►

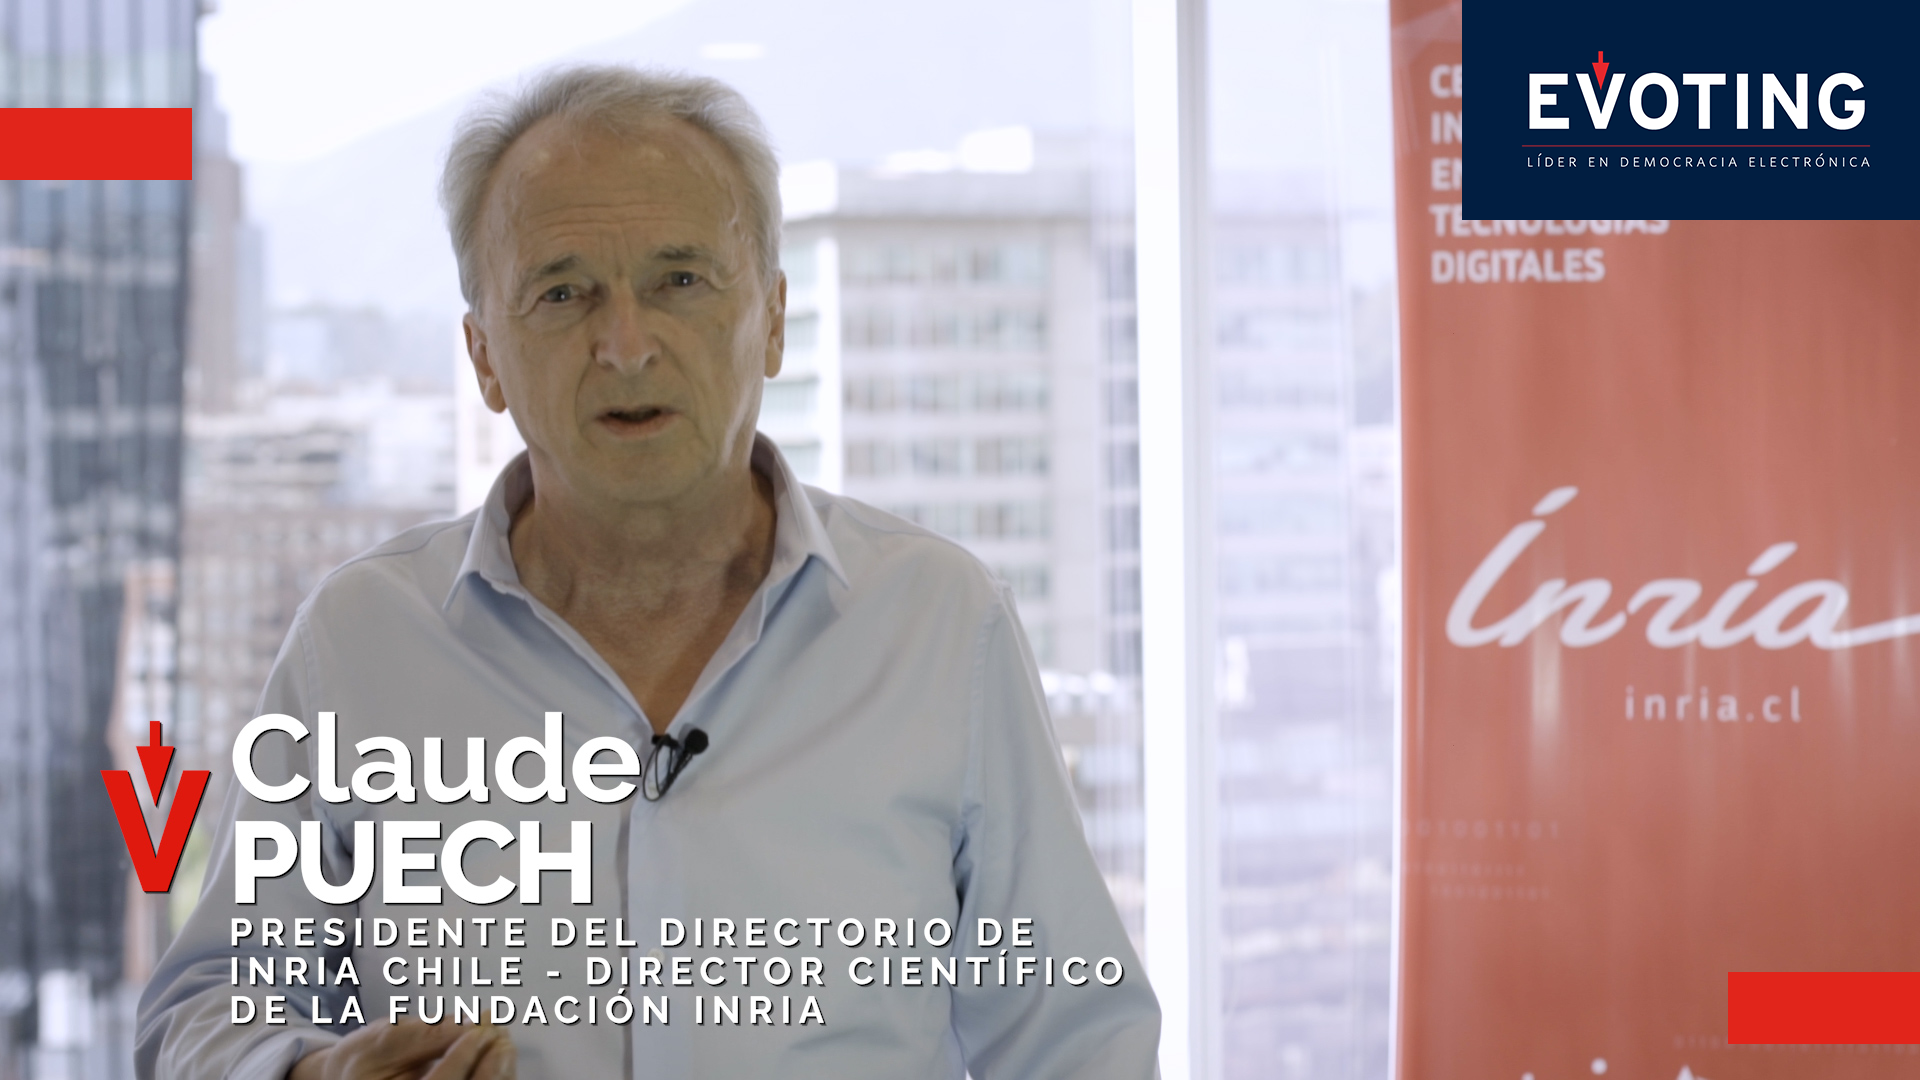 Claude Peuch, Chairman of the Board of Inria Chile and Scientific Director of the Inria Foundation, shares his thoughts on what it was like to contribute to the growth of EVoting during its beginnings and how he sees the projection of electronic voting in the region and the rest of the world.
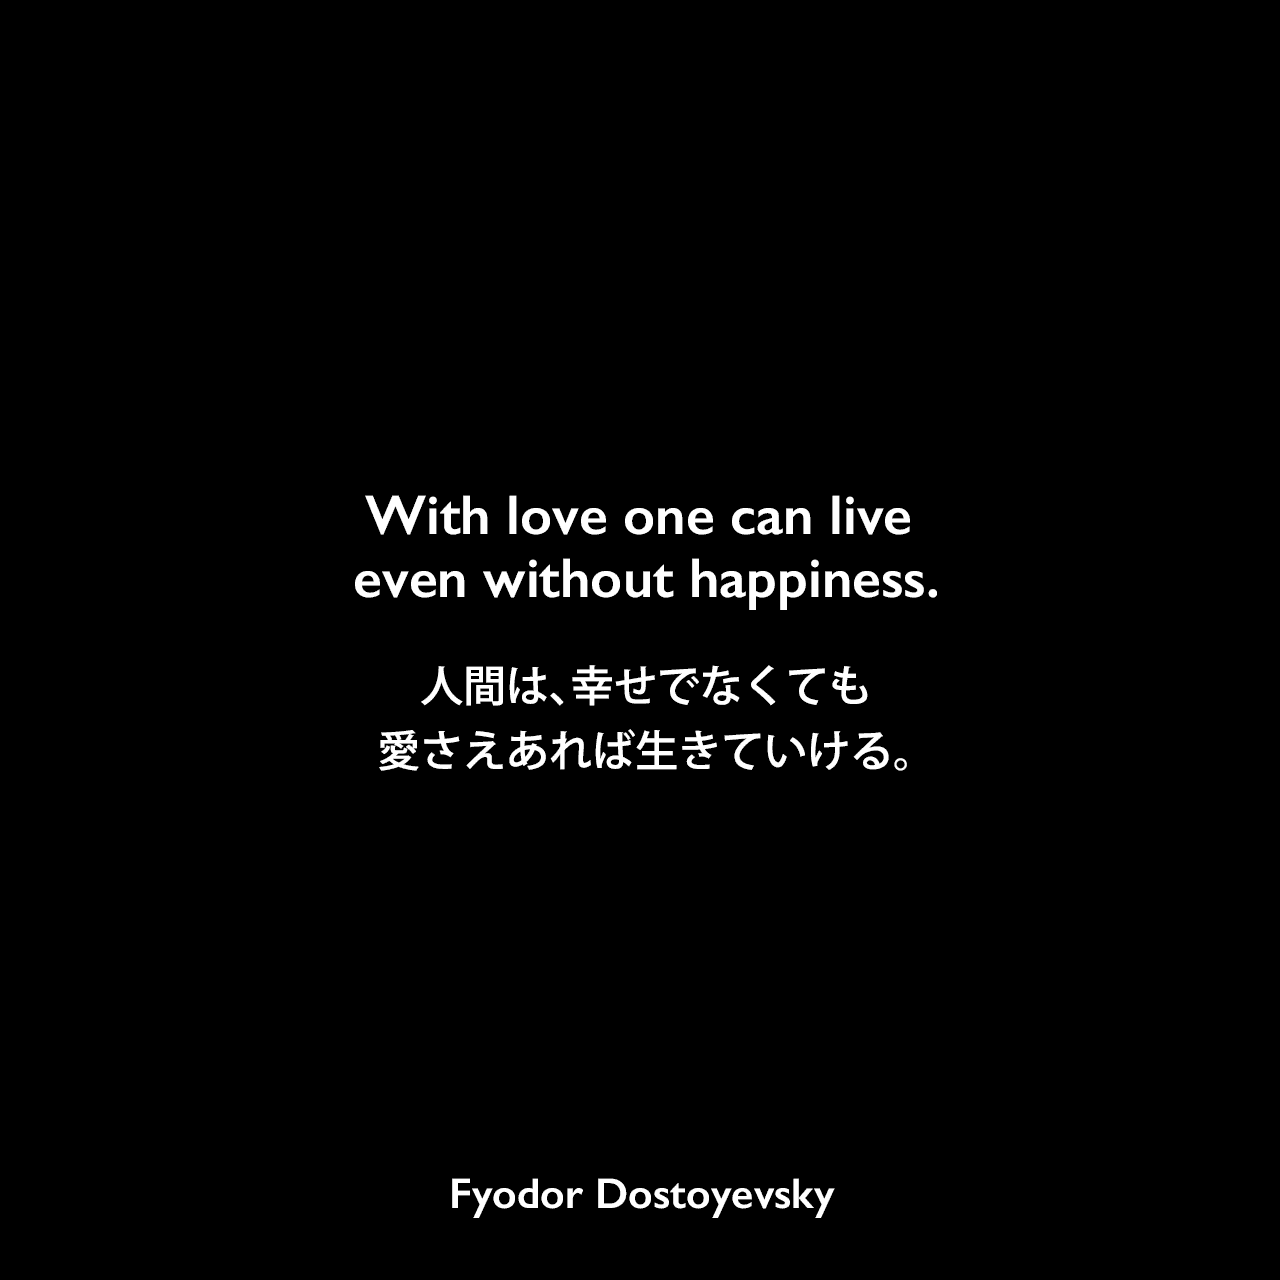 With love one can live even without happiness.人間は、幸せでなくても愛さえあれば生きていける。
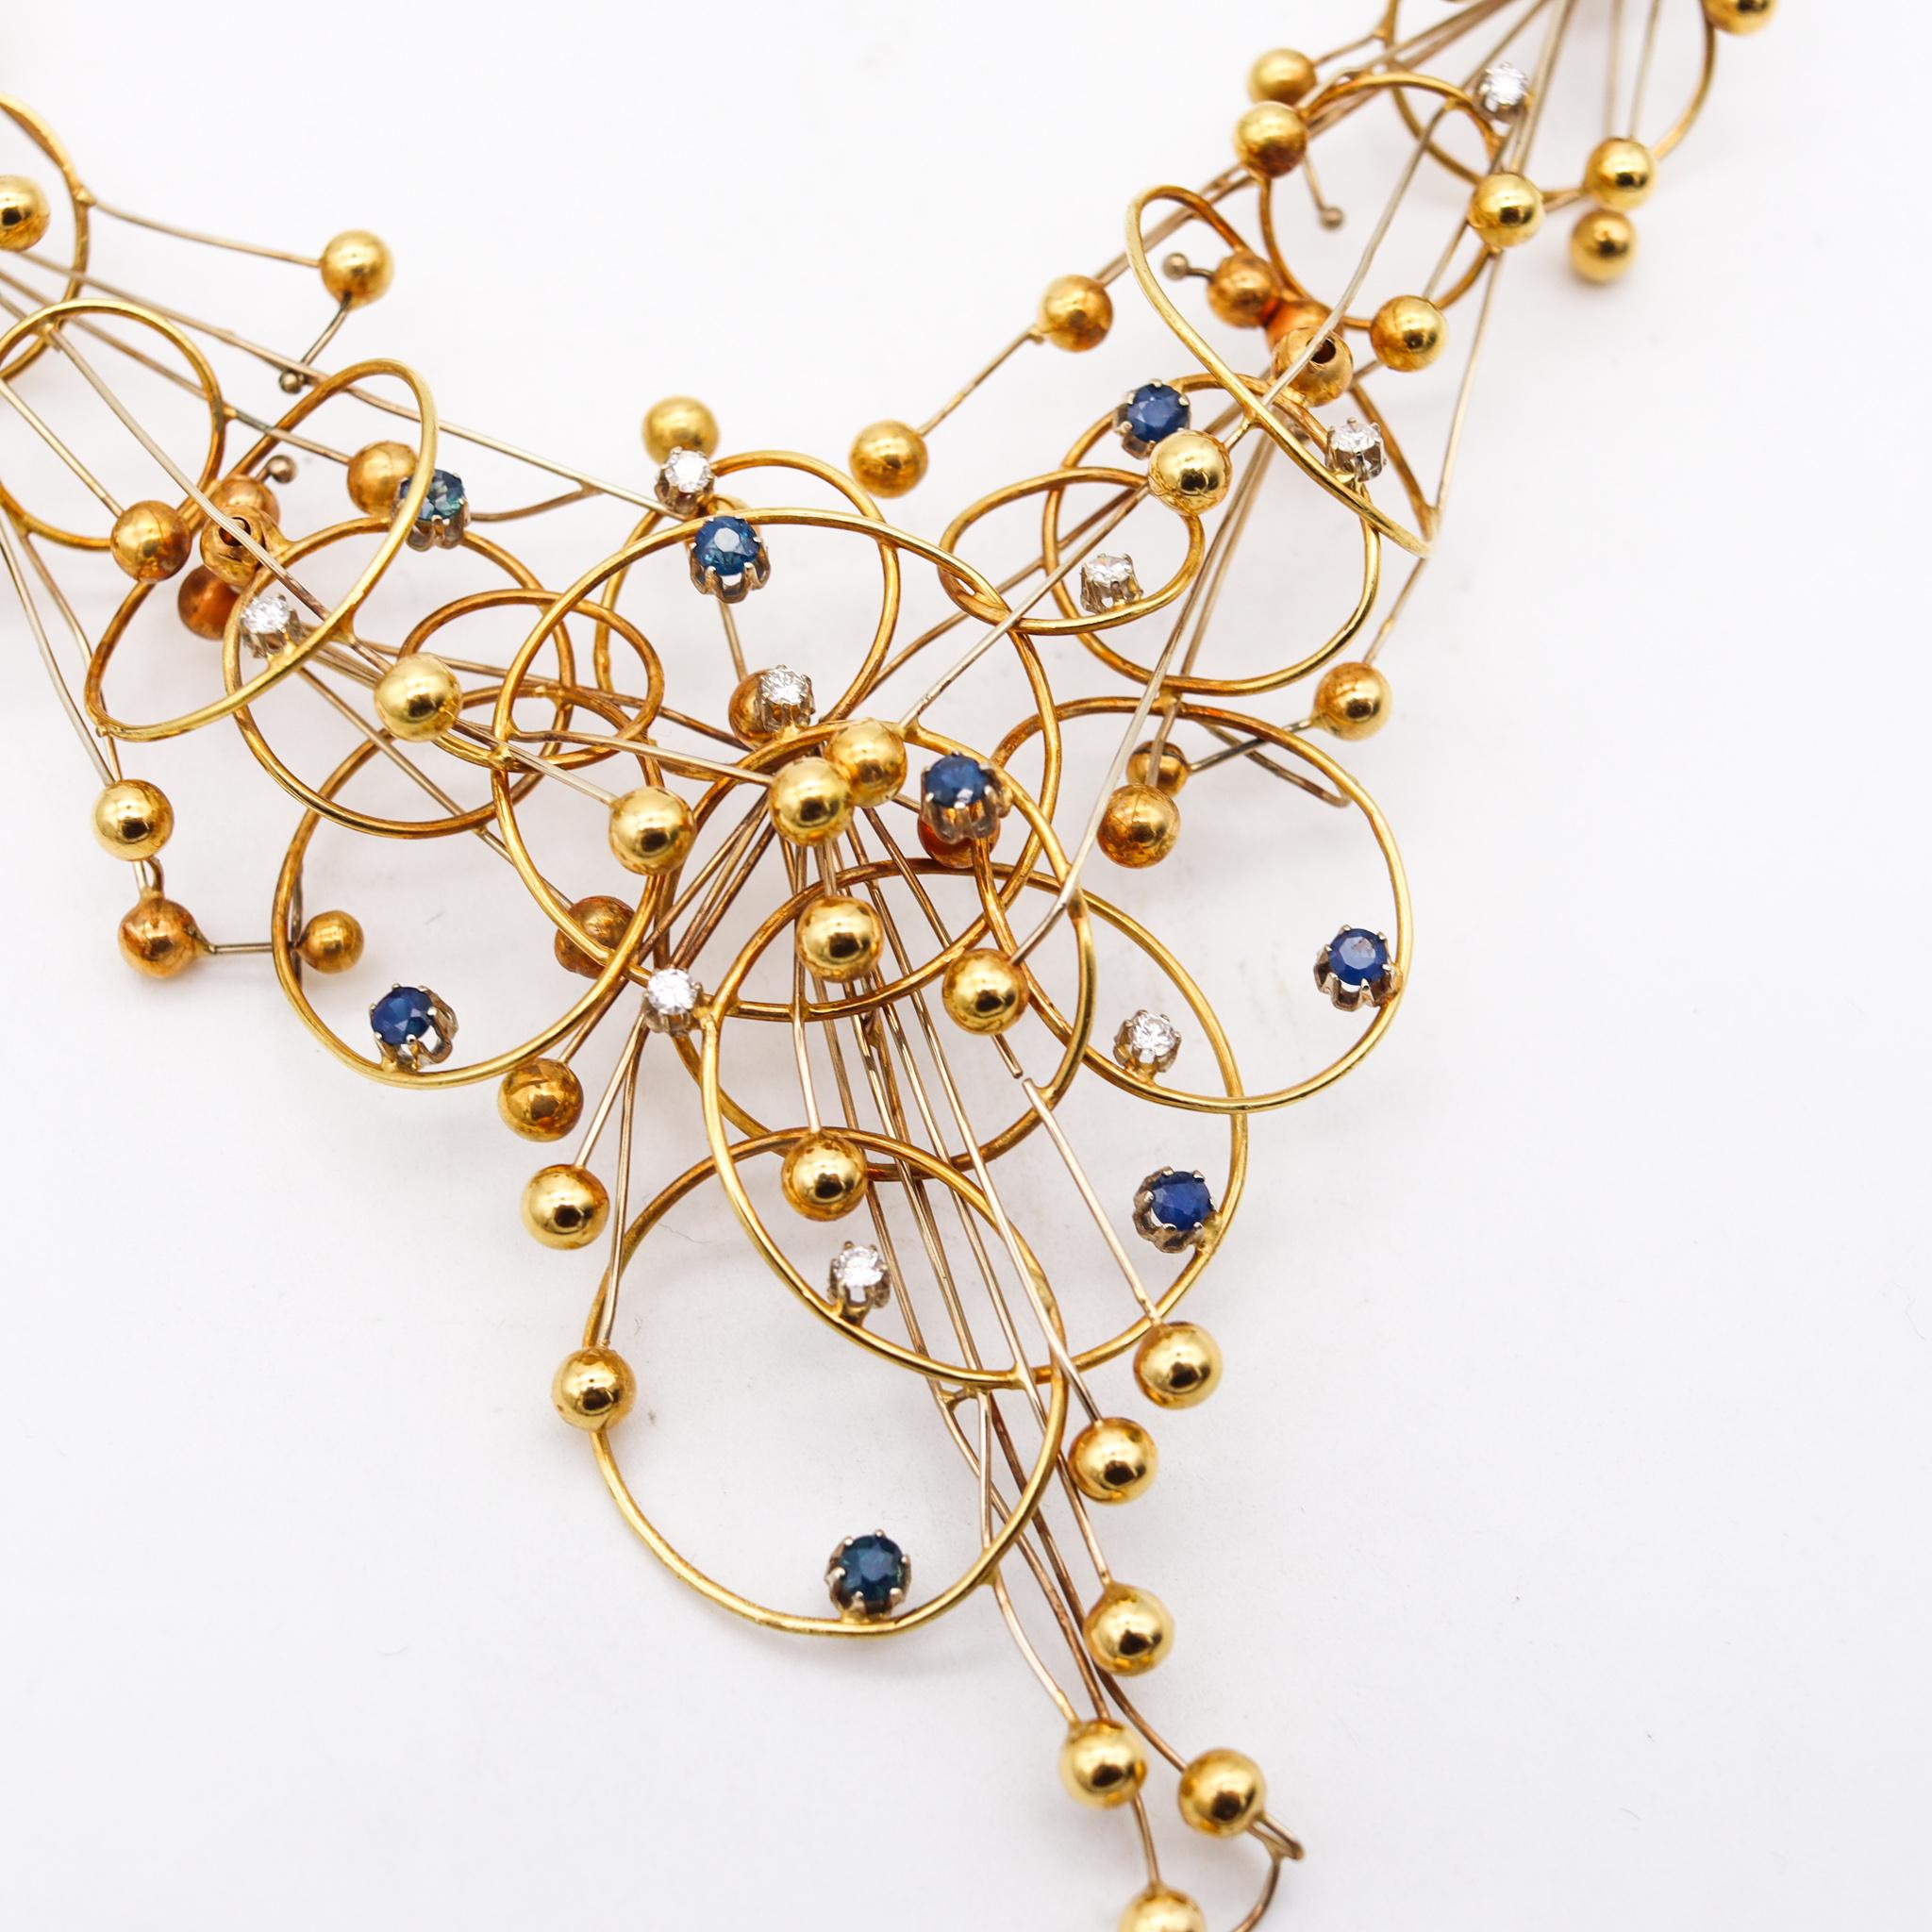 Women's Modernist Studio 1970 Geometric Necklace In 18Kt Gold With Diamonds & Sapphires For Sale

◄

◆ **WHAT YOU WILL DO**: From the first line to the last, write out the data above exactly. Omit the pictures.

◆ **RESPONSE**:
 Claude Peuch, Chairman of the Board of Inria Chile and Scientific Director of the Inria Foundation, shares his thoughts on what it was like to contribute to the growth of EVoting during its beginnings and how he sees the projection of electronic voting in the region and the rest of the world.
 With love one can live even without happiness.人間は、幸せでなくても愛さえあれば生きていける。
 Women's Modernist Studio 1970 Geometric Necklace In 18Kt Gold With Diamonds & Sapphires For Sale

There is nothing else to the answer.